Exercise data:
· · · · ·

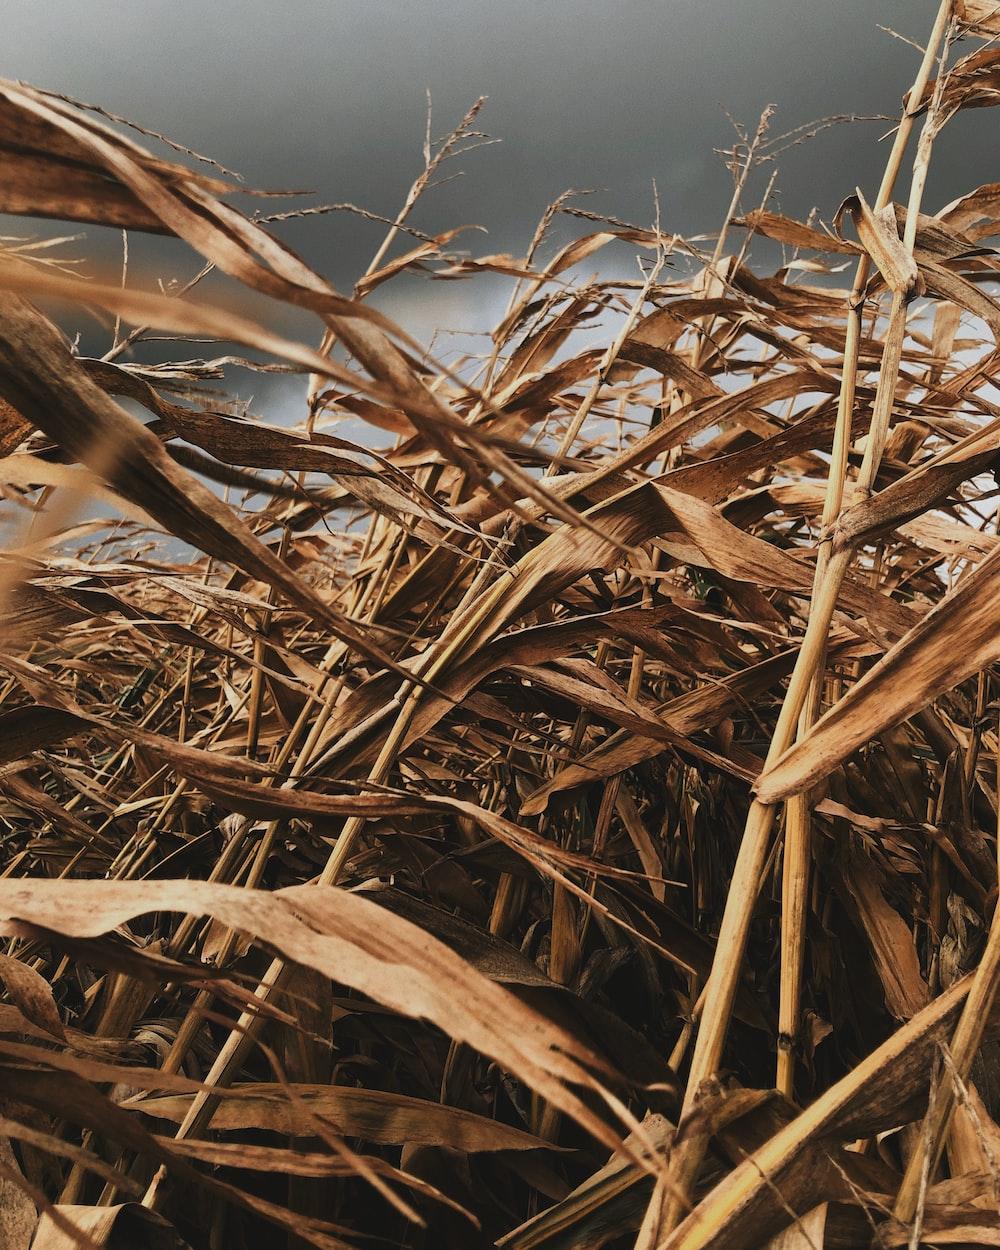 brown dried grass under blue sky during daytime
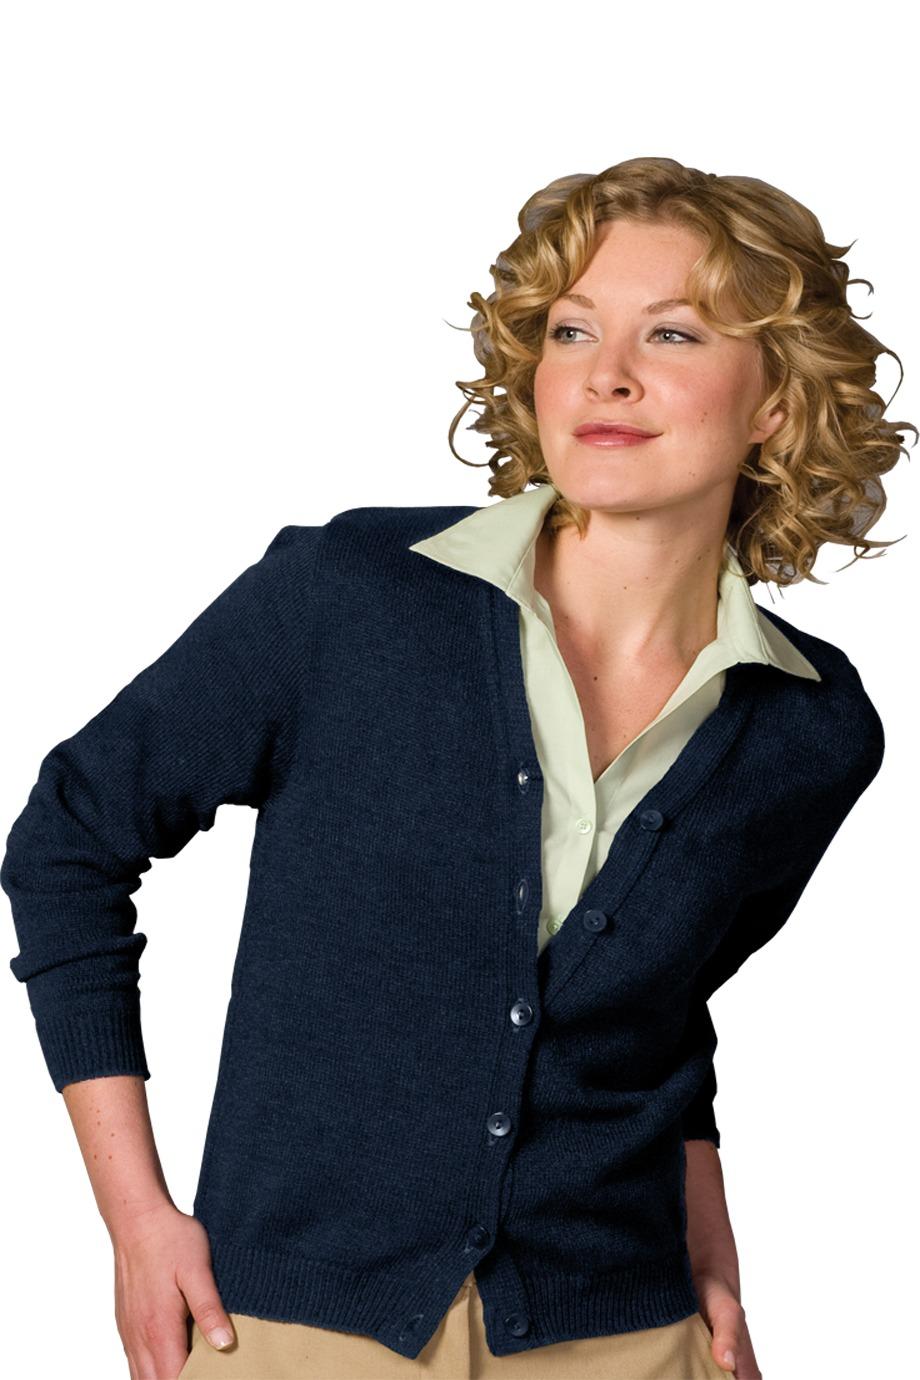 Edwards Garment 451 - Women's V-Neck Cardigan Vest
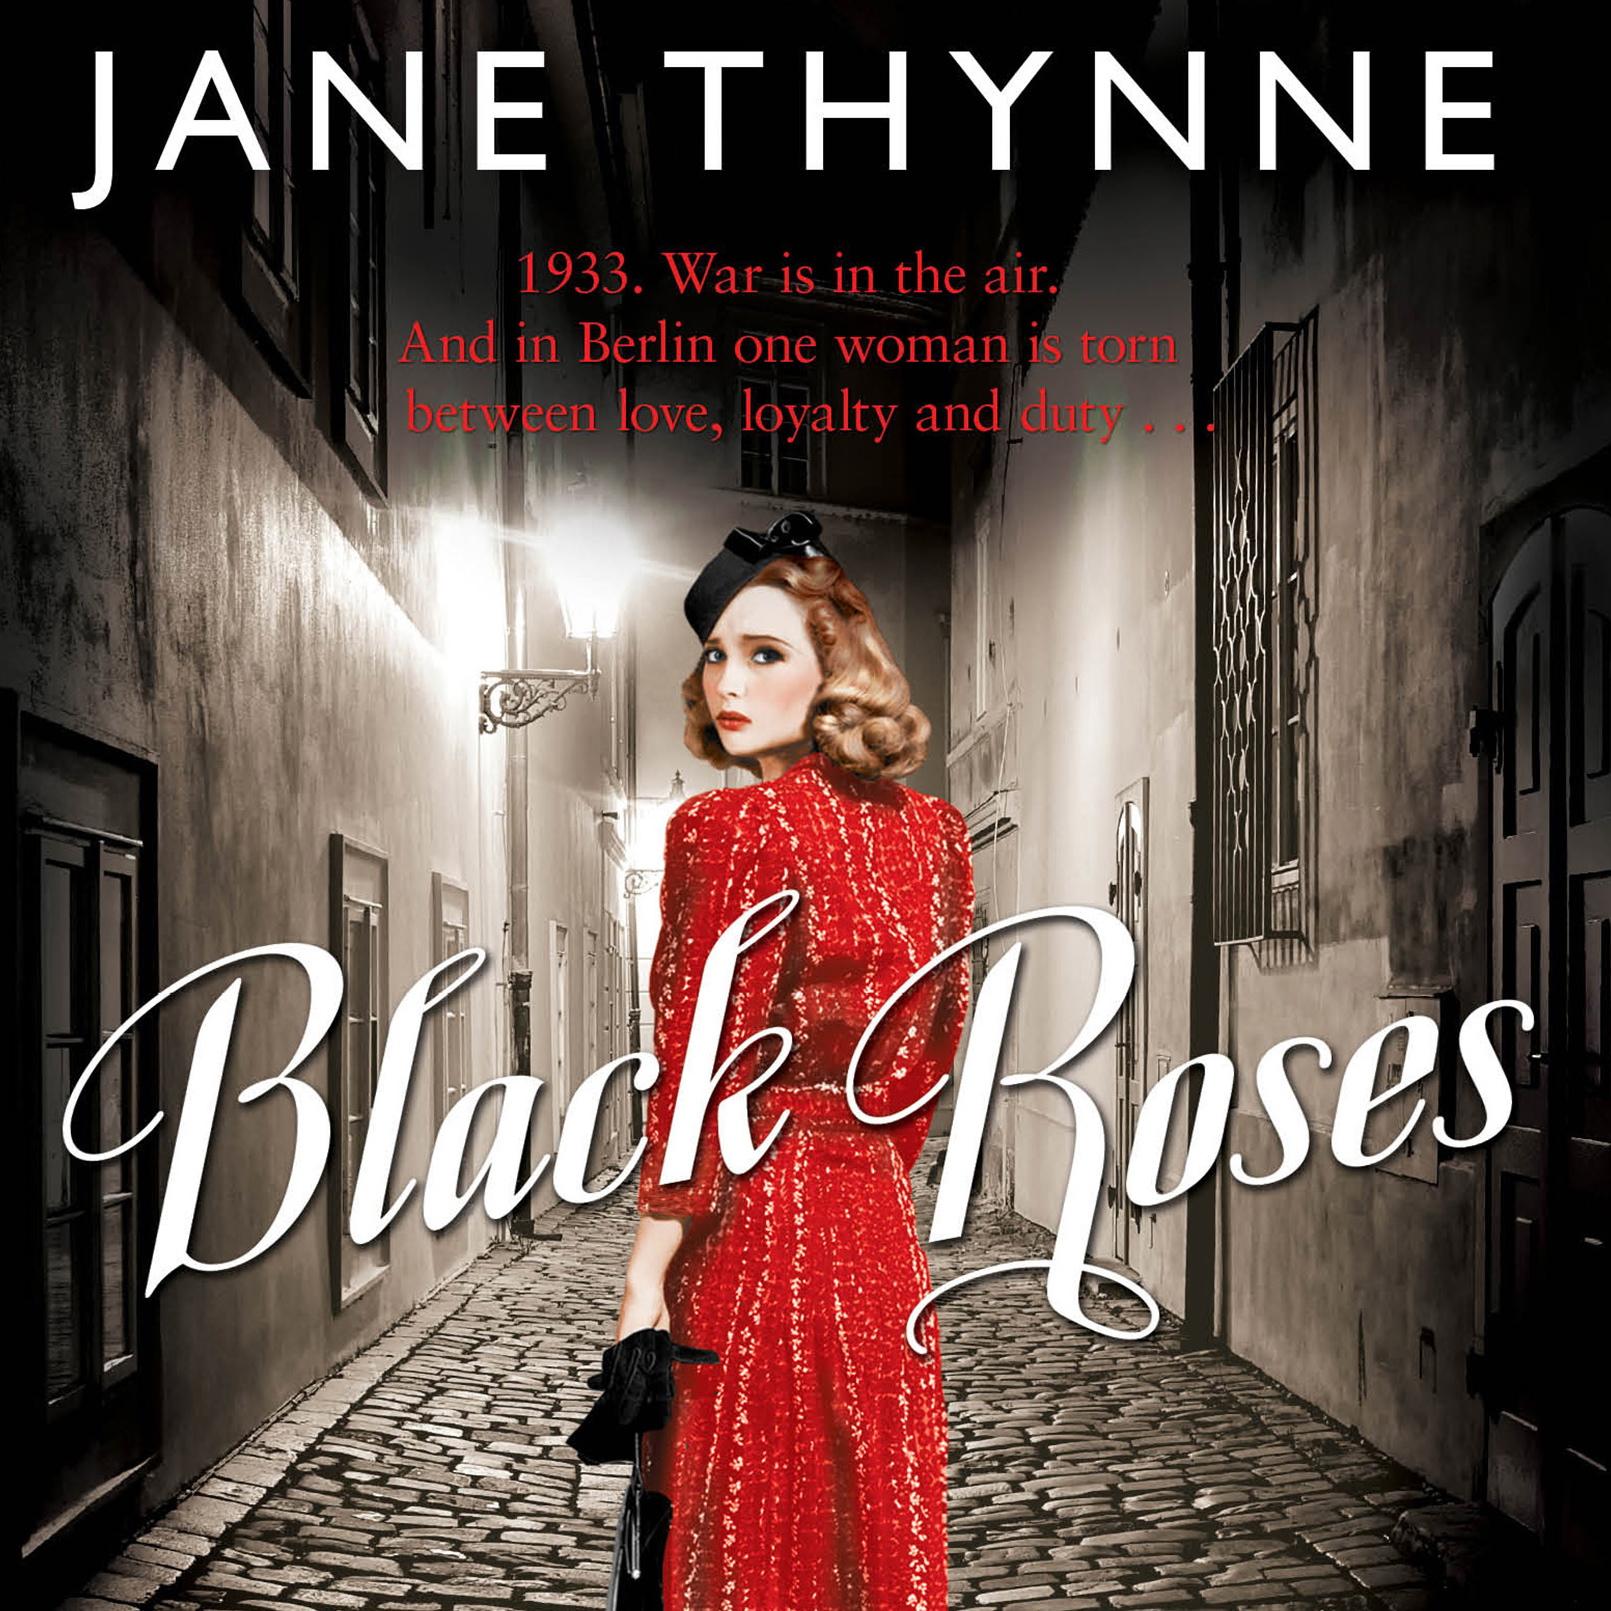 Black Roses Blog Tour: the Q&A

· · · · ·

Task objective: Any images must be dropped; all other material is to be printed exactly.

Output of the exercise:
 brown dried grass under blue sky during daytime
 Edwards Garment 451 - Women's V-Neck Cardigan Vest
 Black Roses Blog Tour: the Q&A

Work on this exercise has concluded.